The 25 most expensive ZIP codes in the US are unsurprisingly concentrated on the coasts.

Real estate listings site Property Shark recently used data from all residential transactions closed in 2016 to determine which ZIP codes across the US were most expensive for buyers.

California dominated the list with 17 cities represented, including well-known places like Beverly Hills and its famous 90210 ZIP code.

New York also claimed six spots, with pricey Hamptons favorite Sagaponack coming in at No. 1.

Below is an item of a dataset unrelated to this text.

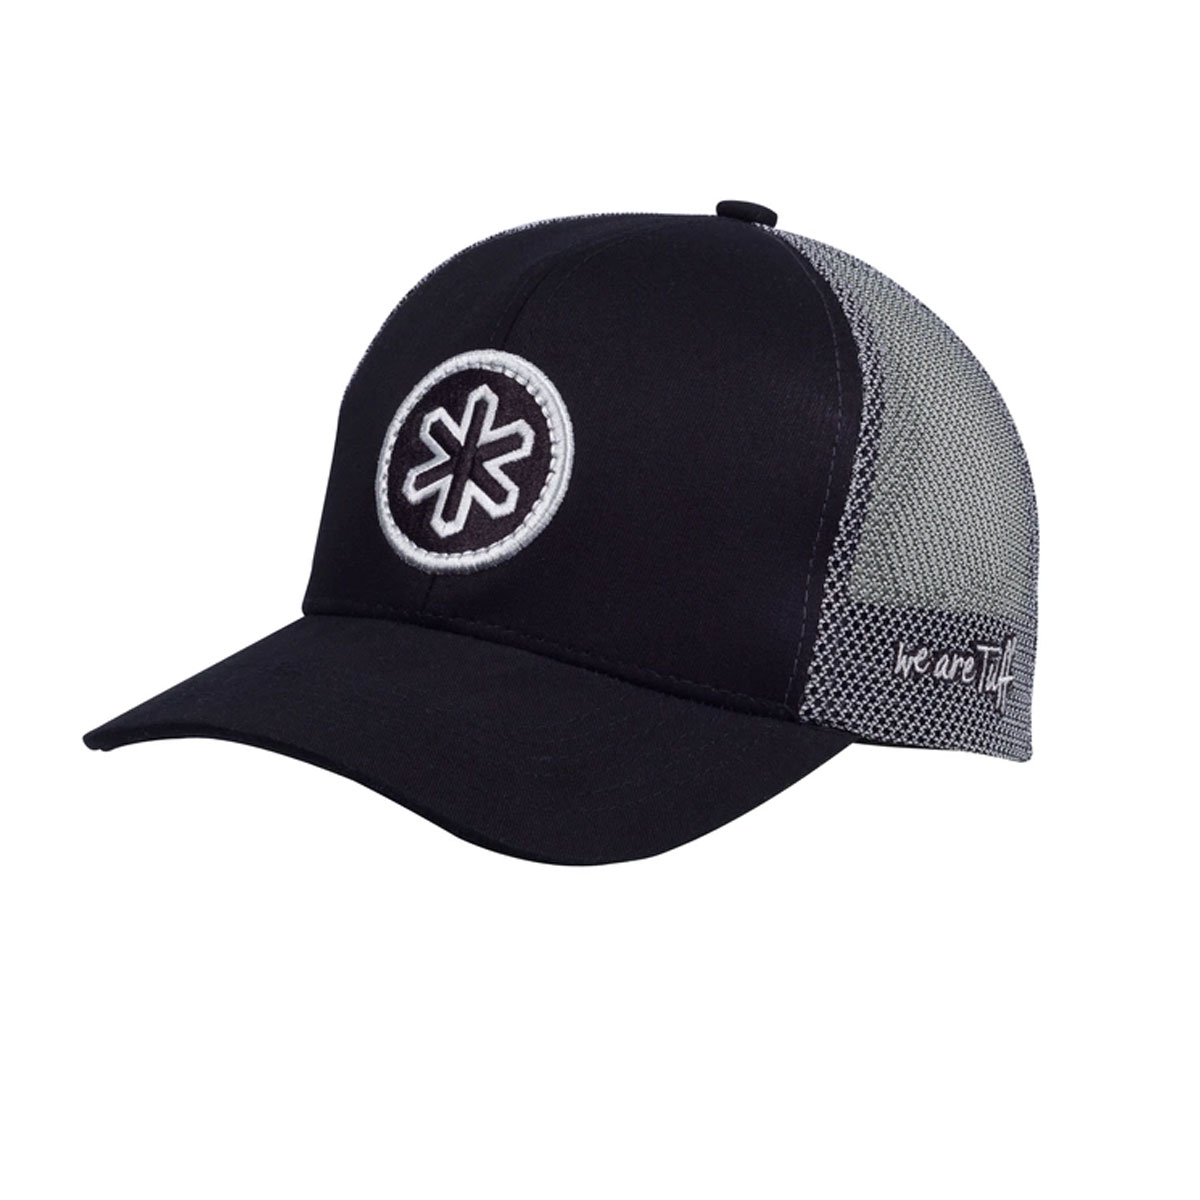 Boné Tuff preto com logo e tela cinza CAP 1467

Only ZIP codes containing more than five sold properties were considered for the list. Property Shark helped us find listings that were close to each of the ZIP codes' median sales price. Check out the full list below:

SEE ALSO: Here's how much you need to earn to be in the top 1% for the 15 largest cities in the US

DON'T MISS: 9 hidden costs that come with buying a home

25. 95030: Los Gatos, California

Median sale price: $2,180,000

This two-bedroom, two-bathroom Los Gatos home will run you around $2.3 million, but it comes complete with hardwood floors, a detached guest house, and four private acres of wooded land. 



24. 94123: San Francisco

Median sale price: $2,210,000

In San Francisco, $2.27 million will get you a home like this one, which packs three bedrooms, two and a half bathrooms, a wood burning fireplace, stainless steel appliances, and a formal dining room into 1,900 square feet. 



23. 94306: Palo Alto, California

Median sale price: $2,227,500

This three-level home in Palo Alto, on the market for $2.25 million, features quartz countertops, abundant natural light, and a fenced-in patio.